Port of Prince Rupert moves closer to getting marine fueling service

Written by Nick Blenkey
barge will offer fuel service in Port of Prince Rupert

Bow quarter view of rail/terminal barge

The Port of Prince Rupert, B.C., is North America’s closest port to Asia by up to three days sailing—it’s 36 hours closer to Shanghai than Vancouver and over 68 hours closer than Los Angeles.

However, it is one of the only major global ports to not offer marine fueling services for cargo ships. That means ships must carry enough fuel to make a round trip or detour to an alternative West Coast port (including the Port of Vancouver) to fuel.

That problem should be resolved by next year. Calgary-based Wolverine Terminals plans to offer a new marine fuels service in the port of Prince Rupert in 2023 and the project is moving right along. The two main marine assets of the new service will be two marine fuel barges and their designer, Robert Allan Ltd., reports that construction of the pair has now started at Damen Shipyards’ Vietnam yard.

The two barges are unique designs specifically tailored for the site and intended operations.
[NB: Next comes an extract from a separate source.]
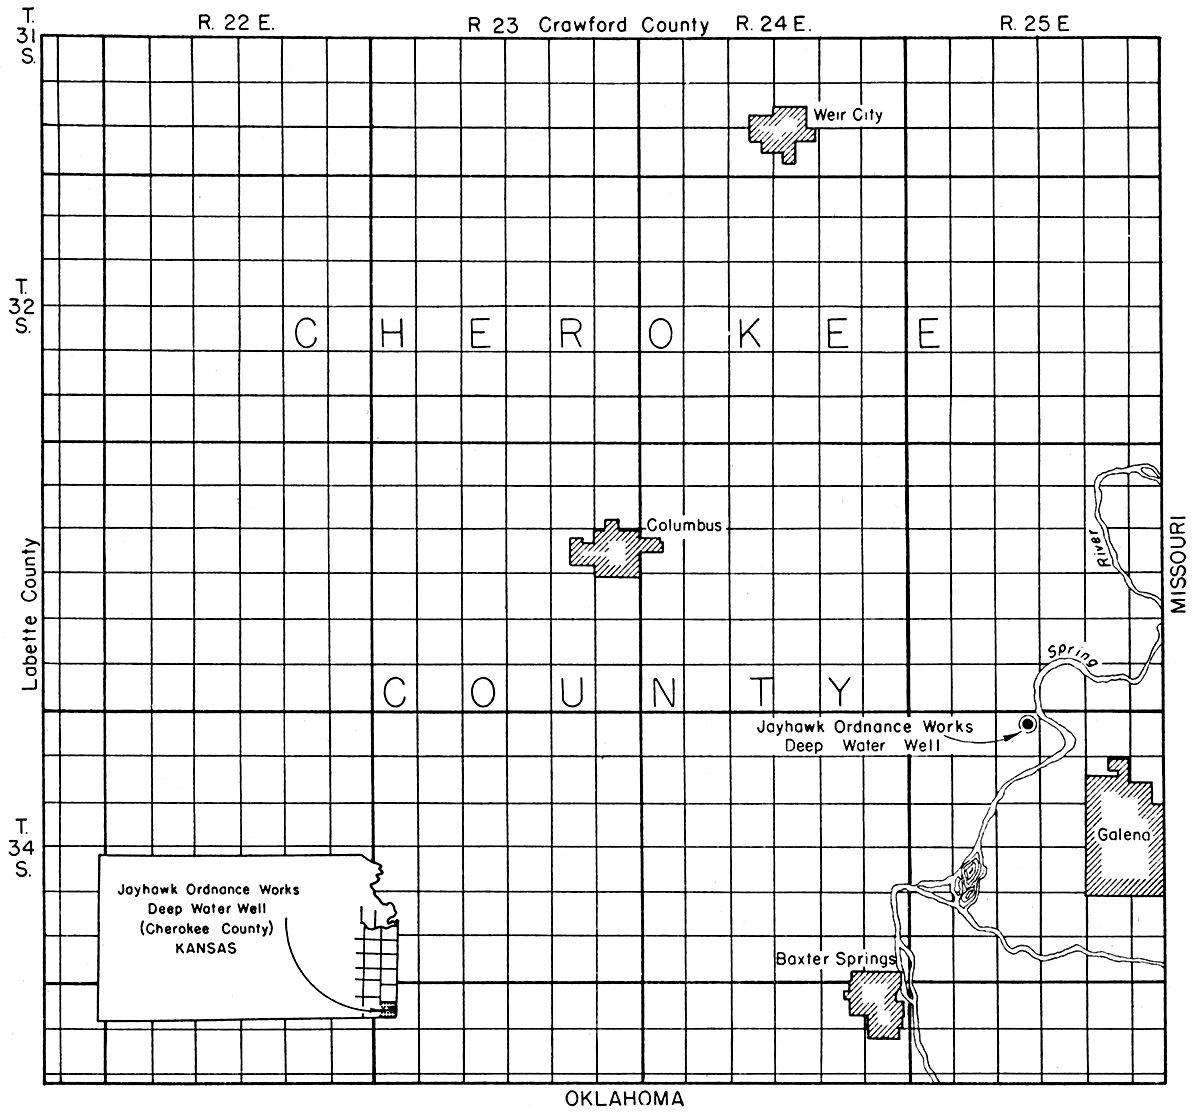 Index map of Cherokee County, Kansas showing location of the Jayhawk Ordnance Works well.
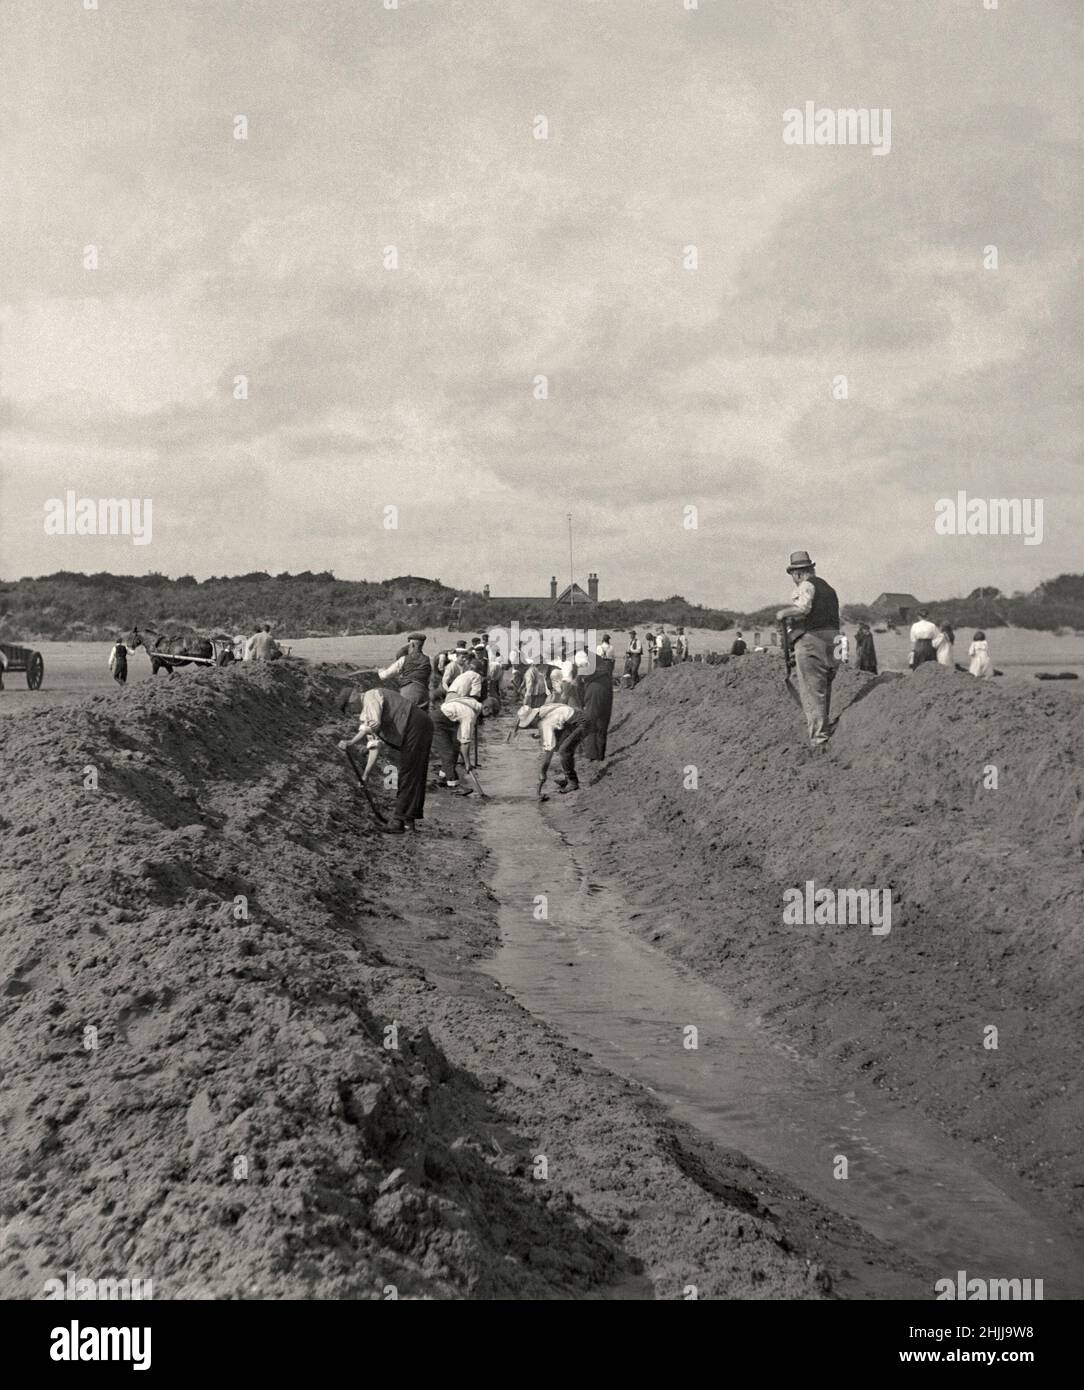 Digging or enlarging a drainage channel in the sand on a beach in Victorian Britain c. 1900. Sand is piled up on either side of the channel. A large team is digging by hand using spades and shovels. Horses and carts (left) are removing some of the spoil. The water seems to be flowing freely down the improved route. This is taken from an old black and white negative. It will look soft if used at too large a size – a vintage early sepia photograph. Stock Photo

There will be a rail/terminal barge and a distribution barge, handling the following basic operations:

  • Tug assisted transport of the rail/terminal barge between the Aquatrain Terminal and a new Wolverine Terminals mooring site, a distance of approximately 400 meters;
  • Transfer of marine fuel from rail cars into fuel storage tanks located within the rail/terminal barge;
  • Transfer of marine fuel from rail/terminal barge to the distribution barge;
  • Tug assisted transport of the distribution barge between the fuel service mooring site and approved locations within the port; and
  • Transfer of fuels from the distribution barge into large cargo vessels.

Both barge designs have been through detailed risk assessments and class approval to Lloyd’s Register and Transport Canada requirements.

The 12,400 DWT, 142- by 30-meter rail/terminal barge is designed for the loading and storage of multiple tank rail cars and in-hull storage of marine fuels. The design incorporates a double hull, cargo handling equipment, tank heating, spill prevention and recovery equipment, onboard and shore power availability at the operating facilities. The rail/terminal barge design solves many unique challenges in blending the rail and marine industries.

The 4,800 DWT, 78- by 20-meter distribution barge is very similar in design to other marine fuel distribution barges operating in the Port of Vancouver and other west coast ports. The design incorporates a double hull, cargo handling equipment, tank heating, spill prevention and recovery equipment, on-board power generation, and operating facilities.